The 1.8m cable is thicker than most monitor and power cables and is non-flexible. The braiding is tough and the cable is actually built to last. Best of luck to you if you try to hide this thing around your clean desk setup.

*i65.tinypic.com/24bogmb.jpg​
The cable splits into two connectors. One for the pass-through port and the other for the keyboard itself. The strain reliefs are good and will easily take some abuse.

*Ergonomics*

The board is comfortable to use and long gaming and typing sessions are an easy thing on it. The primary keys feel good under the fingertips because of the slight curve of the keys.

The other keys like the volume sliders, media keys, and the profile keys are easy to access. Nothing comes in the way. The wrist rest adds some extra comfort points to the board.

The cable is also centered now. It gives it a clean and symmetrical look.

*The Keys*

Let’s talk about the keys now. As I mentioned earlier, it’s a full sized keyboard with additional media and macro keys.
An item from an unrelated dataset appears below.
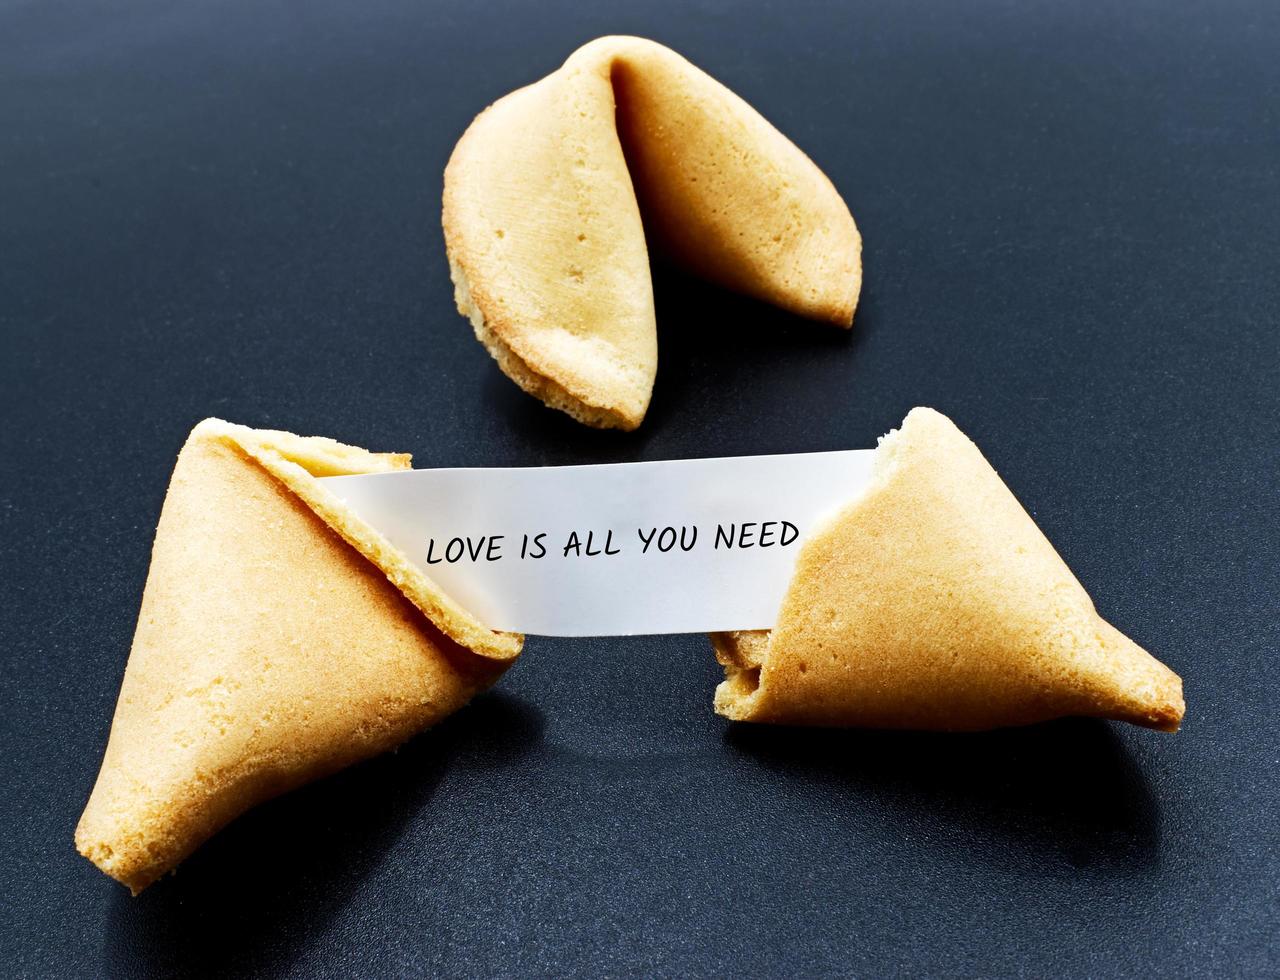 l'amour est tout ce dont vous avez besoin. citation de motivation dans un cookie chinois fissuré photo

The board is smaller than the previous K95 because the 18 G-keys have been reduced to just 6. Most people would not be affected too much except for the hardcore video-editing and 3D-modeling users.

G-keys

The G-keys themselves are now textured and slightly contoured to make them easier to find during heavy use. I wish they came in black or some other darker color because these off-white keys stand out from the all black board.
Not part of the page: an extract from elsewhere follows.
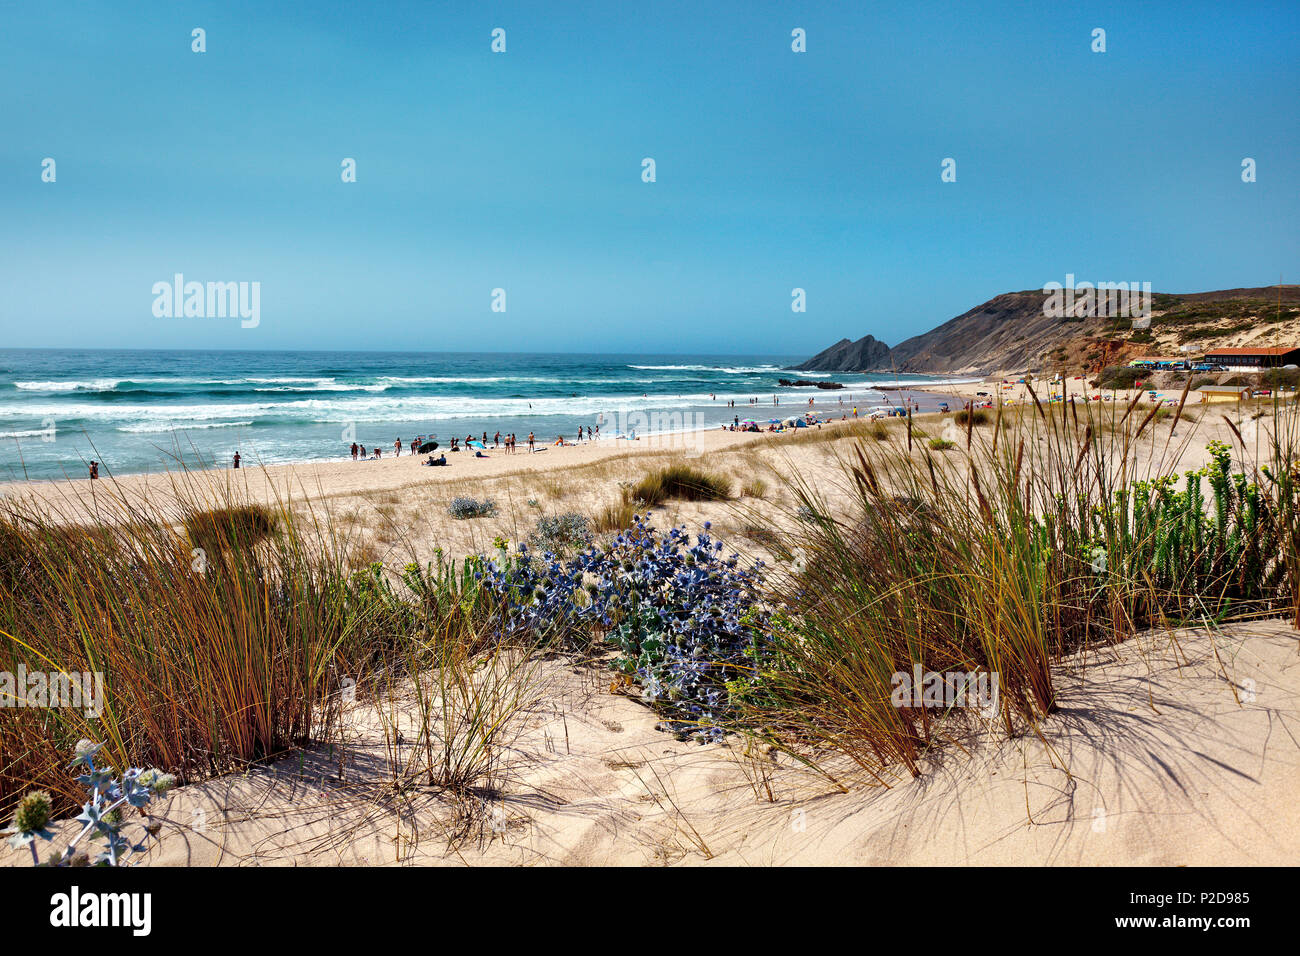 Dunes and beach, Praia da Amoreira, Aljezur, Costa Vicentina, Algarve, Portugal Stock Photo

*desktoprigs.in/wp-content/uploads/2017/04/g-keys.jpg​
The Macro keys can be very handy for games that require too many buttons and actions all at the same time. They are also useful for applications that depend too much on shortcuts like Video Editing and 2D/3D visualization software. The previous K95 had 18 macro buttons but this one only has 6. I wouldn’t say it is a downgrade as many of those keys can be replicated by using software control.

Now you may feel that the macro keys are placed too close to the main keys and you will accidently hit them. But take my word, even during gaming sessions or just simple typing, I haven’t hit them once. If you use normal typing position, then your fingers actually don’t stray that far. And if you are so afraid of hitting of extra keys during gameplay, then you can create profiles with all extra keys disabled. It’s just a matter of some clicks.

At the top right, we have the metal volume slider along with the media keys. The volume slider is thinner and smoother than before but maybe a tactile one would be a great update. The media keys are taller now so good to see that.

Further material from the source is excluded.